### Problem to solve:
Rewrite the full material exactly; no line may be skipped.

Information provided Start Marker

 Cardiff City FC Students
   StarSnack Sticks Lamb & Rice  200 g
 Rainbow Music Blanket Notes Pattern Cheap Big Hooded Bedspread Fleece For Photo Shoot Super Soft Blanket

Information provided End Marker

### Output of the exercise:
 Cardiff City FC Students
   StarSnack Sticks Lamb & Rice  200 g
 Rainbow Music Blanket Notes Pattern Cheap Big Hooded Bedspread Fleece For Photo Shoot Super Soft Blanket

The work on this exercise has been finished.